By passing the structured_output_model, the Strands Agent constrains the model’s response to match the Pydantic schema. The result is a validated Python object where if the model’s first attempt does not conform to the schema, Strands automatically sends the validation errors back to the model and retries, producing a correct response without manual intervention. This approach eliminates malformed JSON, missing fields, wrong types, and hallucinated structure.
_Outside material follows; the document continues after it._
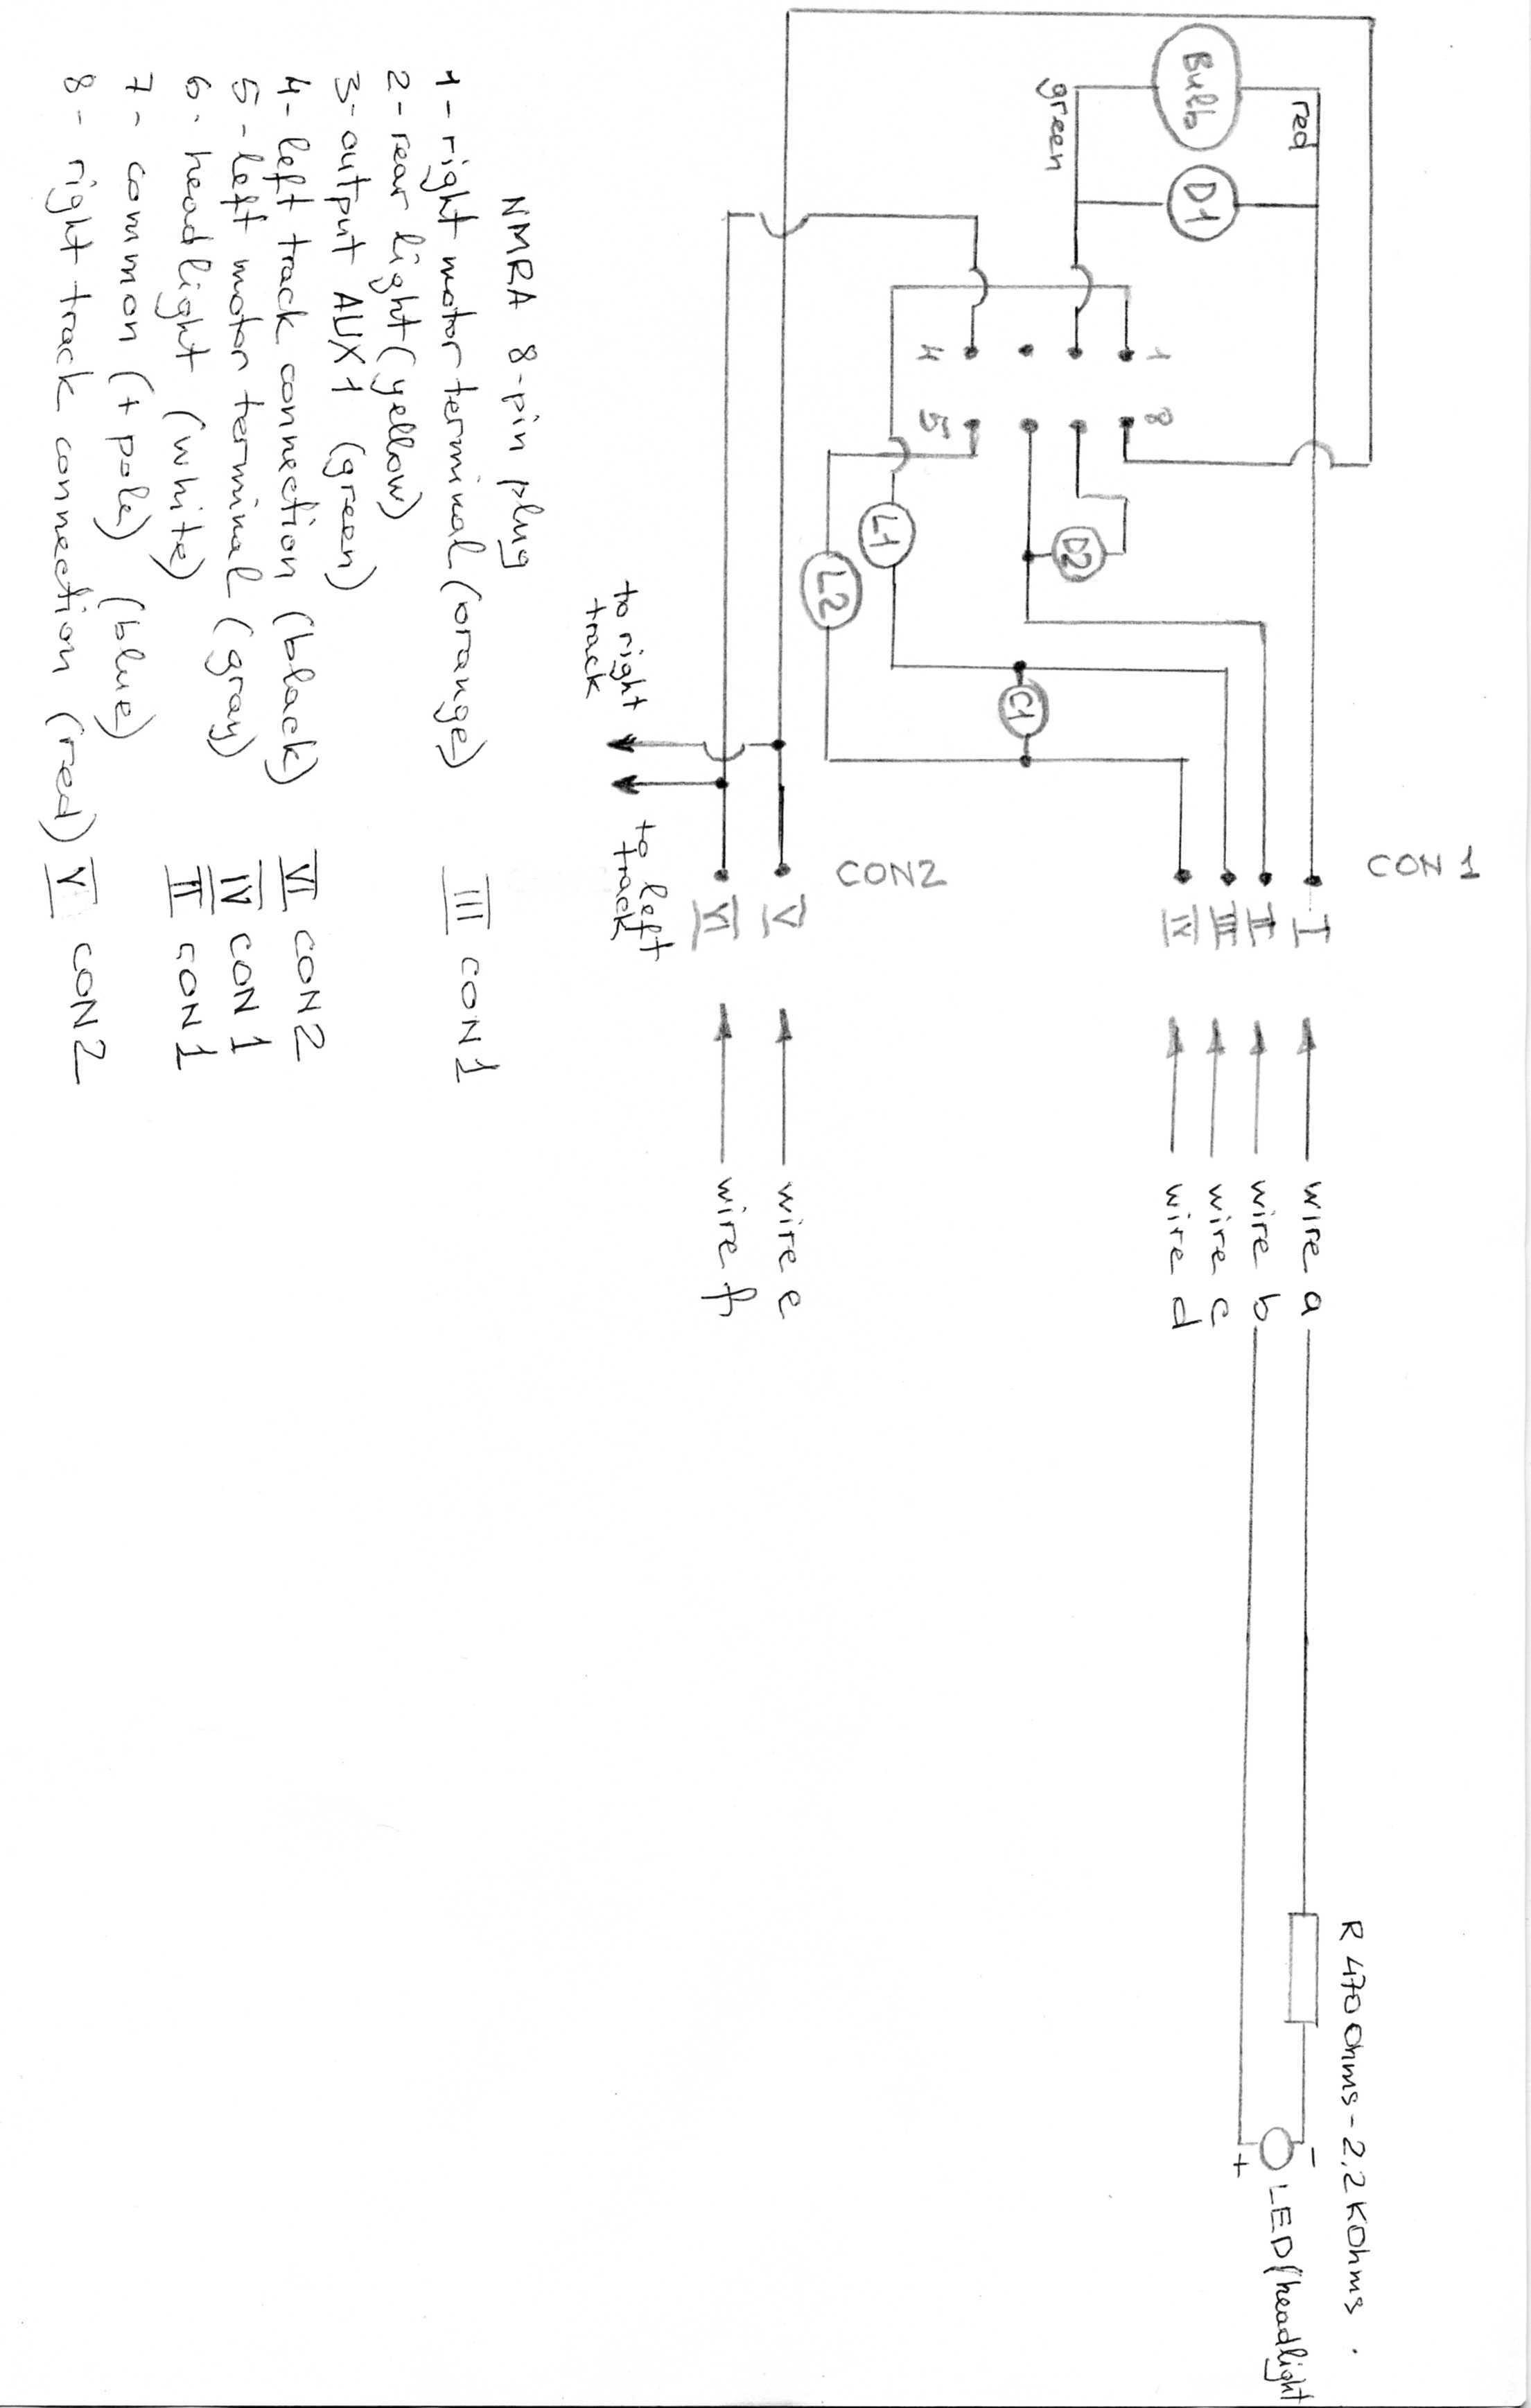 Chevy Spectrum Wiring Diagram

Role 2: Complete Command Generation with AI Functions

The second Amazon Bedrock role is generating complete command implementations. Direct integration of AI agents in code generation workflows is often avoided because of the model’s non-deterministic nature. There is no guarantee that generated code will compile, follow the expected structure, or avoid common pitfalls like empty error handlers. Strands AI Functions addresses this through runtime post-condition checking. AI Functions is a Python library for building reliable AI-powered applications through a new abstraction of functions that behave like standard Python functions but are evaluated by reasoning AI Agents. You decorate a function with @ai_function, write its prompt as a docstring with curly-brace placeholders, and attach post-conditions that the output must satisfy. If any post-condition fails, AI Functions automatically initiates a self-correcting loop, sending the specific error back to the model and retrying until all conditions pass or the maximum attempts are reached.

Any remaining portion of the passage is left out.